** Opening PROVIDED MATERIAL block **
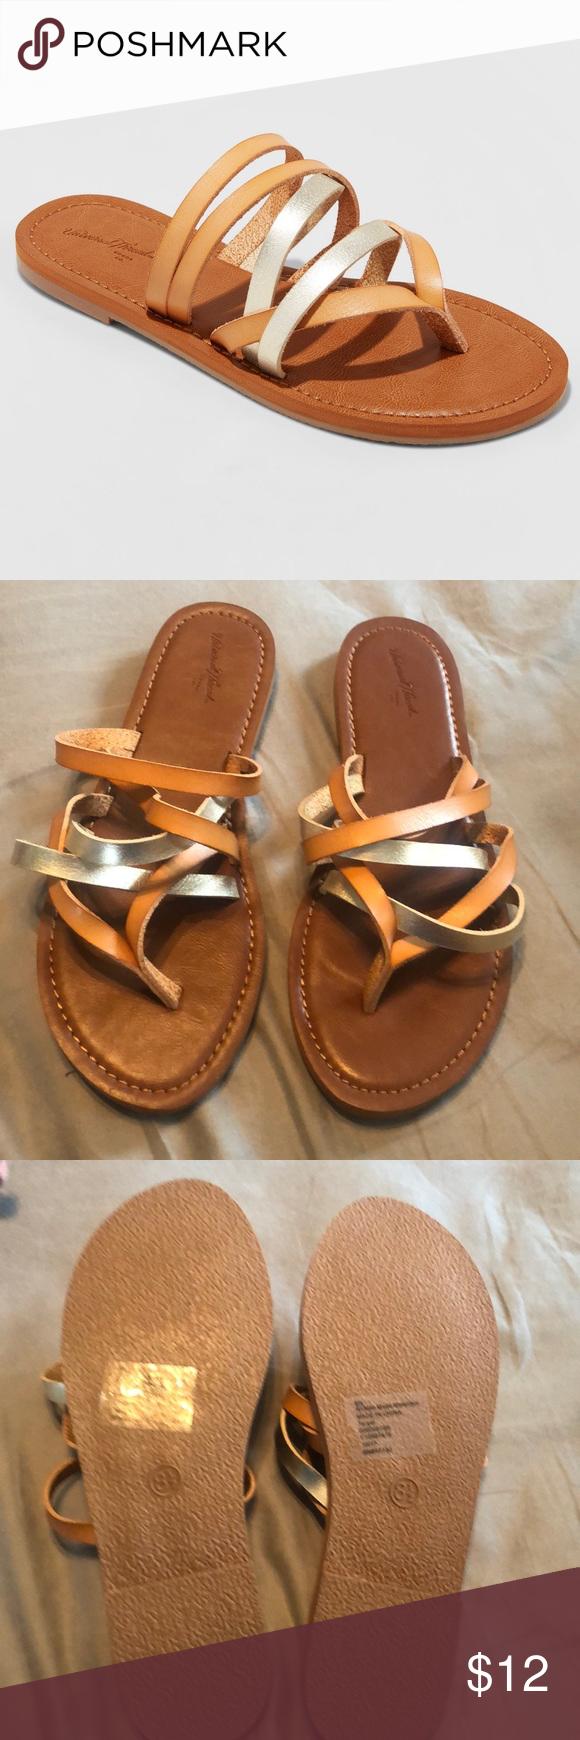 0d159ecd8ca6 Women s Maritza Multi Strap Toe Slide Sandal Target Women s Maritza Multi  Strap Toe Slide Sandal -
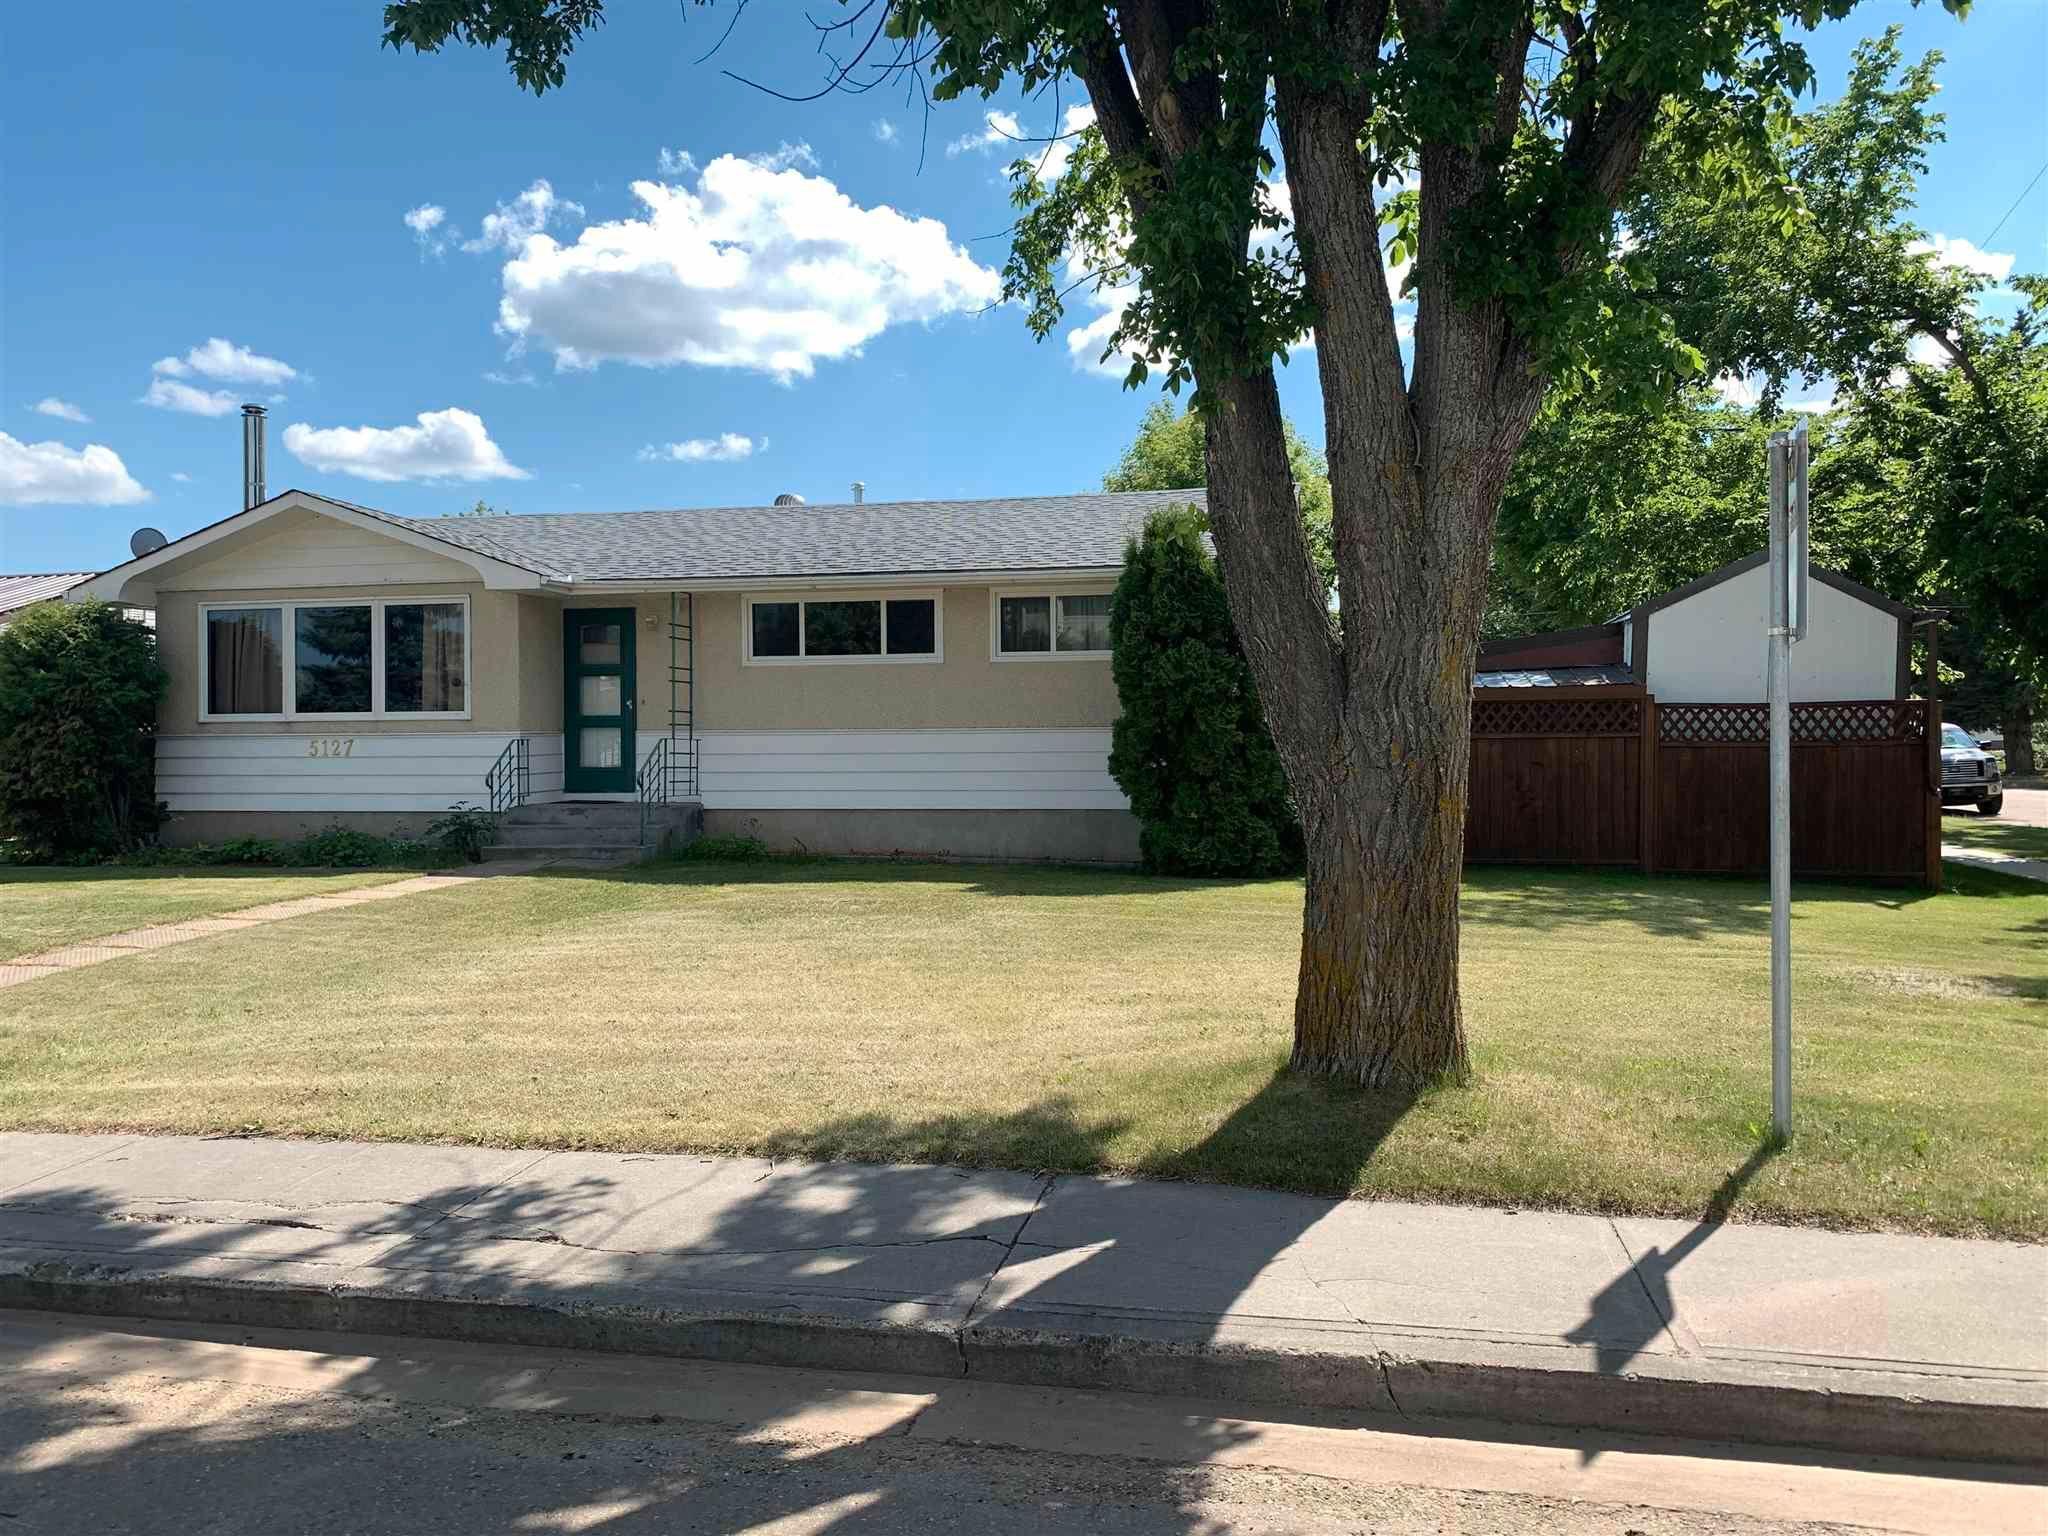 Main Photo: 5127 57 Avenue: Viking House for sale : MLS®# E4251447
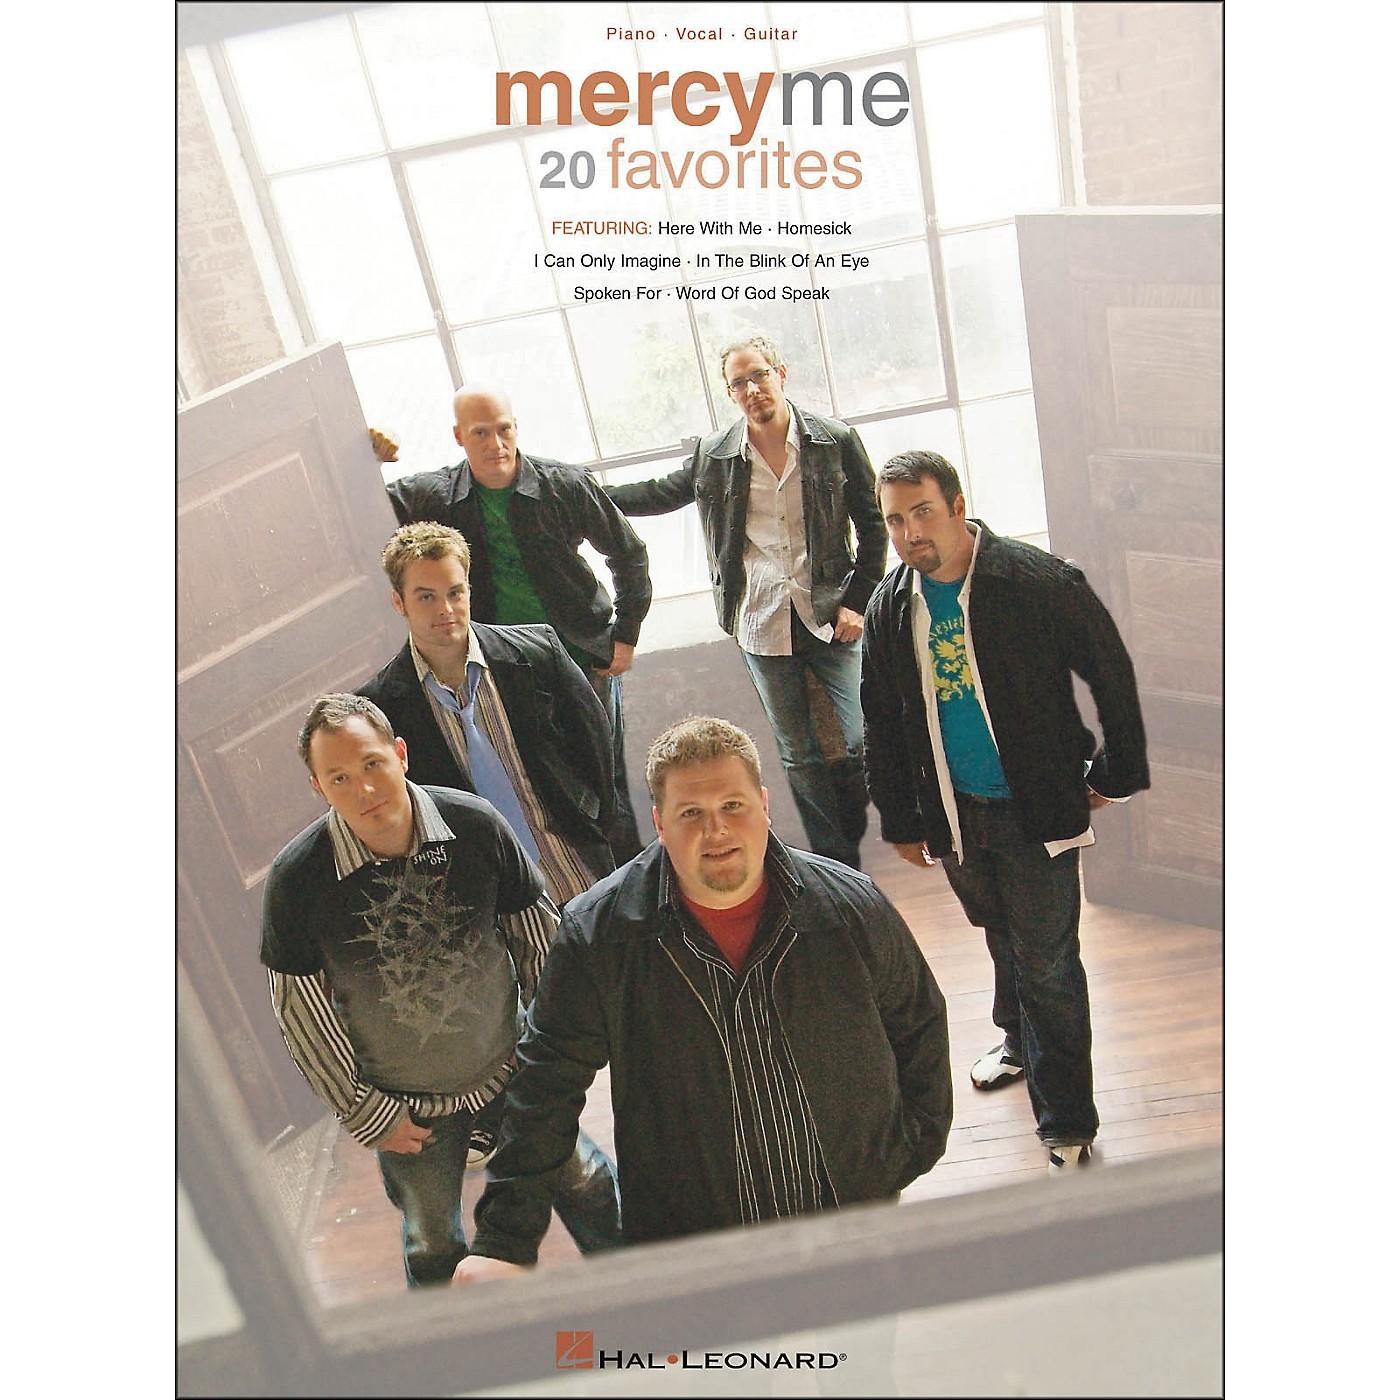 Hal Leonard MercyMe 20 Favorites Piano Vocal Guitar arranged for piano, vocal, and guitar (P/V/G) thumbnail
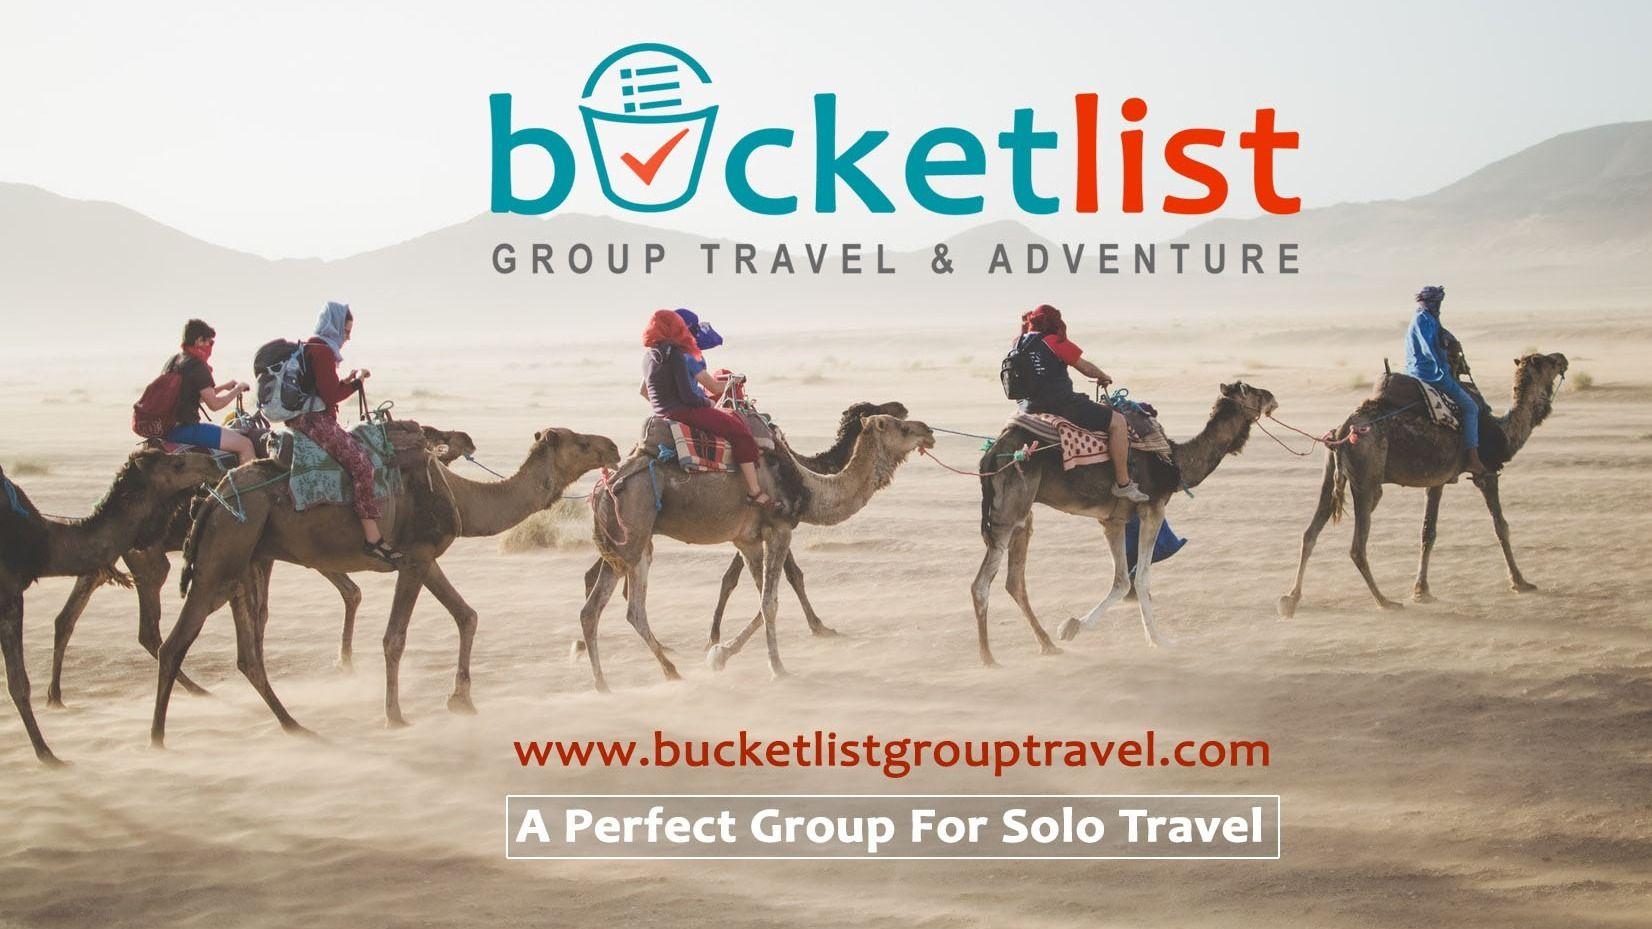 Chicago - Bucket List Group Travel
** Closing PROVIDED MATERIAL block **
**DIRECTIONS FOR THIS TASK**
Return each line of the data, keeping its wording exact and omitting pictures.

**RESULT OF THIS TASK**
 0d159ecd8ca6 Women s Maritza Multi Strap Toe Slide Sandal Target Women s Maritza Multi  Strap Toe Slide Sandal -
 Main Photo: 5127 57 Avenue: Viking House for sale : MLS®# E4251447
 Hal Leonard MercyMe 20 Favorites Piano Vocal Guitar arranged for piano, vocal, and guitar (P/V/G) thumbnail
 Chicago - Bucket List Group Travel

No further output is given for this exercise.